The whole thing is 400k lines vibecoded over 3 weeks, I don't think there's been a lot of effort put into it yet.


You might like this language I've been working on: https://GitHub.com/Cuzzo/clear

It's not as true to Ruby as Crystal is, because I aim to make it far safer. It's closer to Elixir, if anything.

But I love Ruby to death, and it is definitely the desire to make it as close to Ruby spiritually as possible.


It looks nice. The general syntax isn't explained AFAICT?

Looks somewhat Python-like but modernised (great!) - is it indentation sensitive?

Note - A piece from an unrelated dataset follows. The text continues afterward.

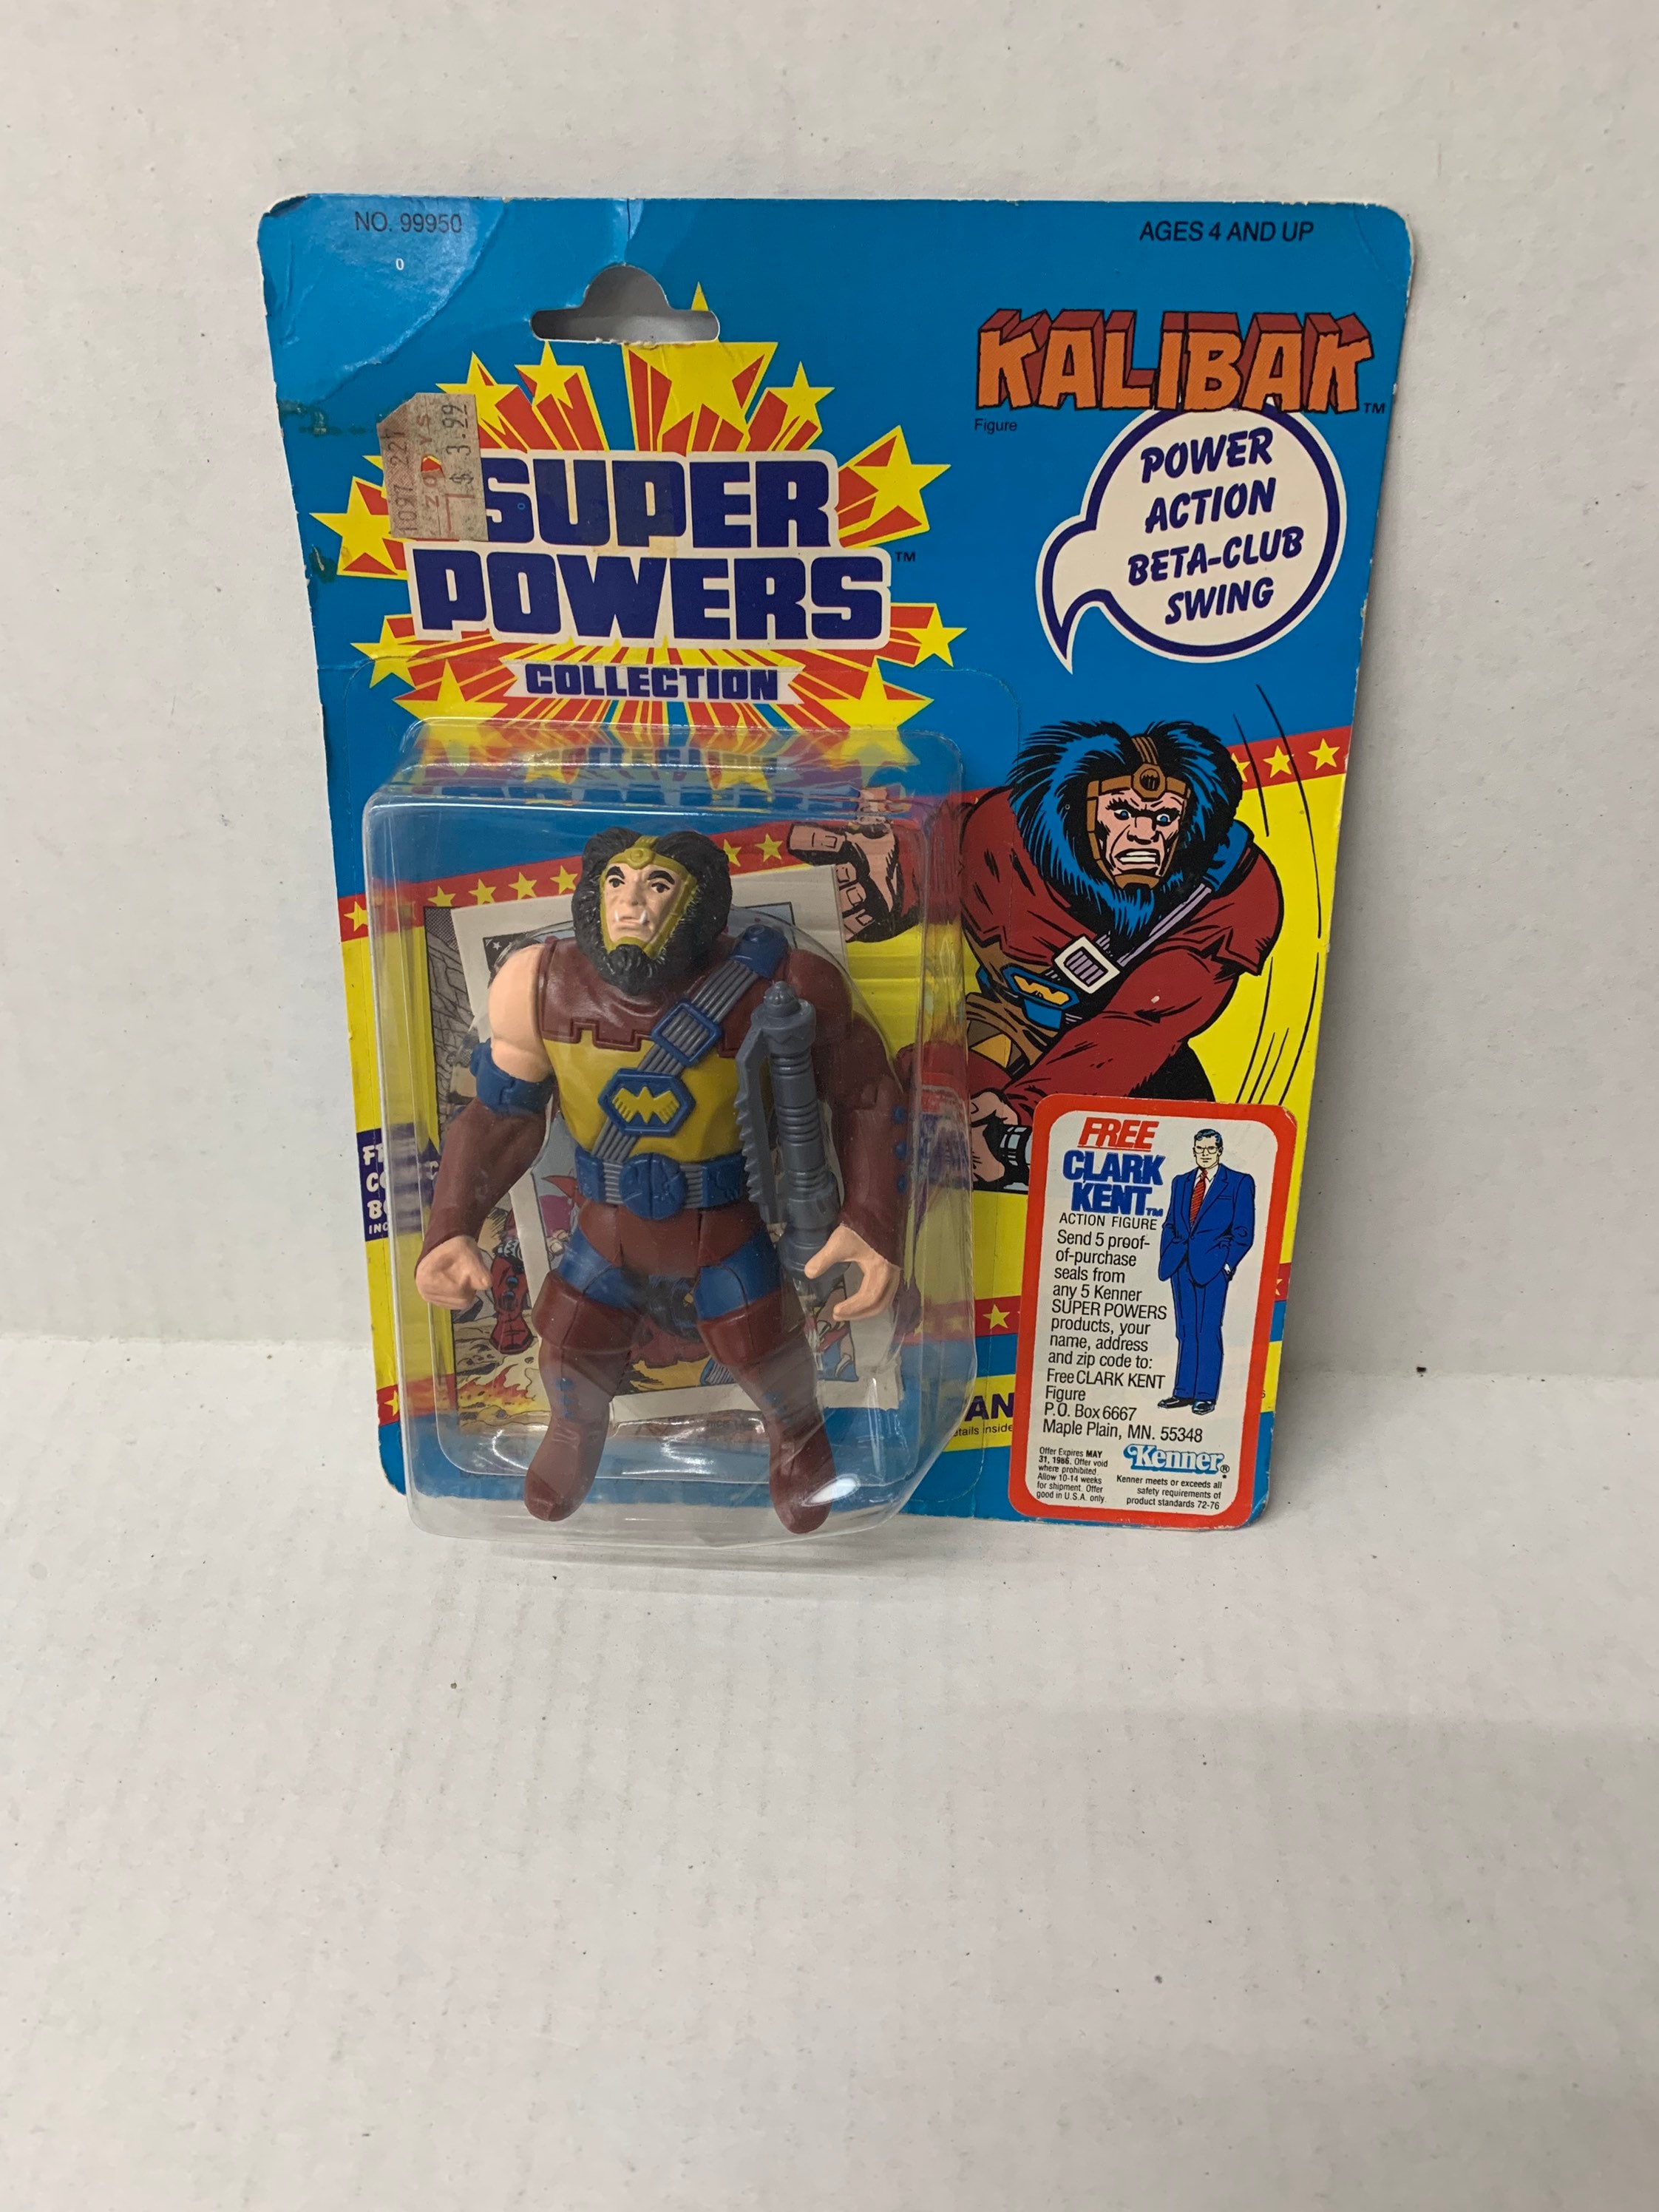 スーパーパワーズコレクション KALIBAK 1985年 GIJOE ケナー - アメコミ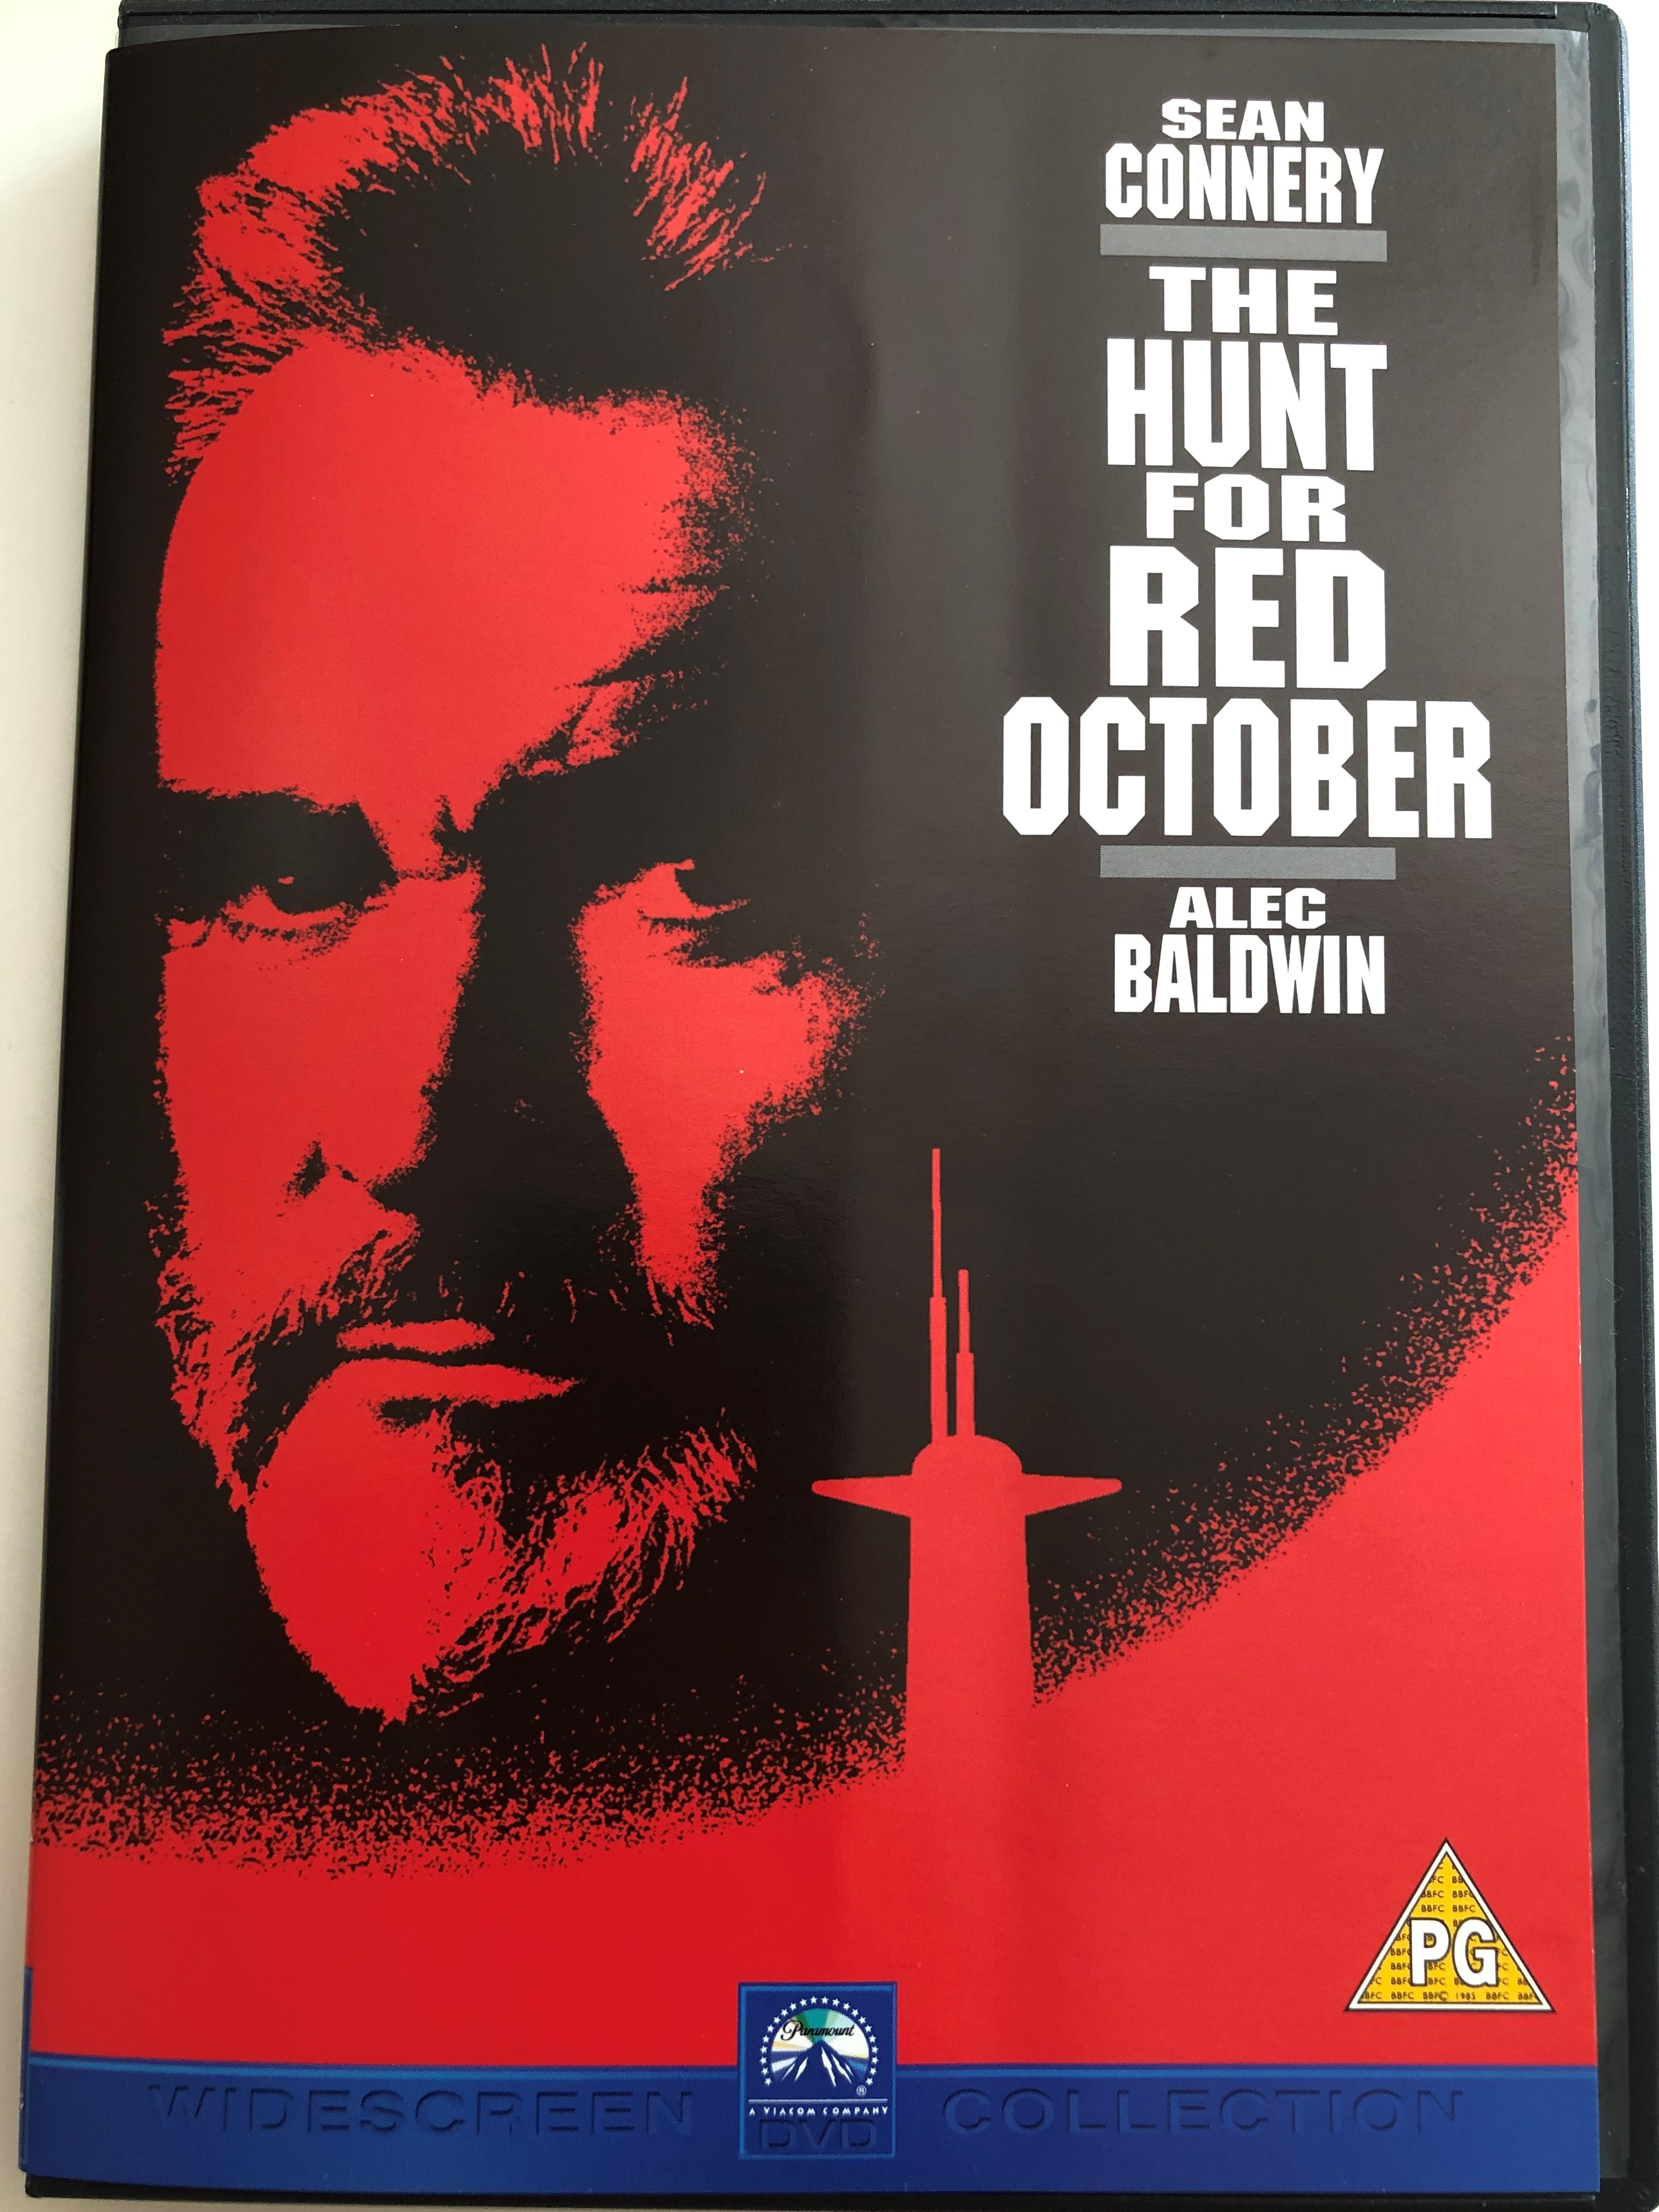 the-hunt-for-red-october-dvd-1990-directed-by-john-mctiernan-starring-sean-connery-alec-baldwin-scott-glenn-james-earl-jones-sam-neill-based-on-tom-clancy-s-novel-1-.jpg

Yes, it's python-inspired. Some notable differences are: - no return keyword - match/if are expressions - it's functional - =? is used for early returns or binding, depending on the variant of an Option or Result that is returned

There's a lot of other differences -- it's a smaller language surface than Python overall.


I like all those features!

I was trying to find if it is definitely a significant whitespace syntax, as it appears to be


Is it just me that doesnt like automatically returning the last statement in functions? It makes it hard to see where a function returns, and I dont see how you would do a guard clause at the start of a function without having the entire rest of the function in an else block


I remember really bumping up against this learning OCaml in college after having experienced oodles of imperative programming.

I understand the sort of philosophy and ergonomics of not having an early return, but it really does hurt certain kinds of code that otherwise would be more readable


> ergonomics of not having an early return

I wonder who came up with this idea first. I find obvious early returns incredibly ergonomic.


Wikipedia says that "guard clause" was a term invented by Kent Beck, but that the actual practice was used since at least the early 60s


No, I meant the idea that guard clauses are antipatterns and your subroutine should have a single implicit return.


I think it is much more obvious than being able to return from anywhere in a function. If the last expression is a match, I know every match body must return the same type. if the last is a (cond ...) I know ever cond branch must return a value. I vastly prefer that.


If it's inconsistently applied, yes.

In most functional languages however you can view the end of any statement/expression as a return/assign which makes it very easy and trivial to assign anything to variables, or split anything into function calls.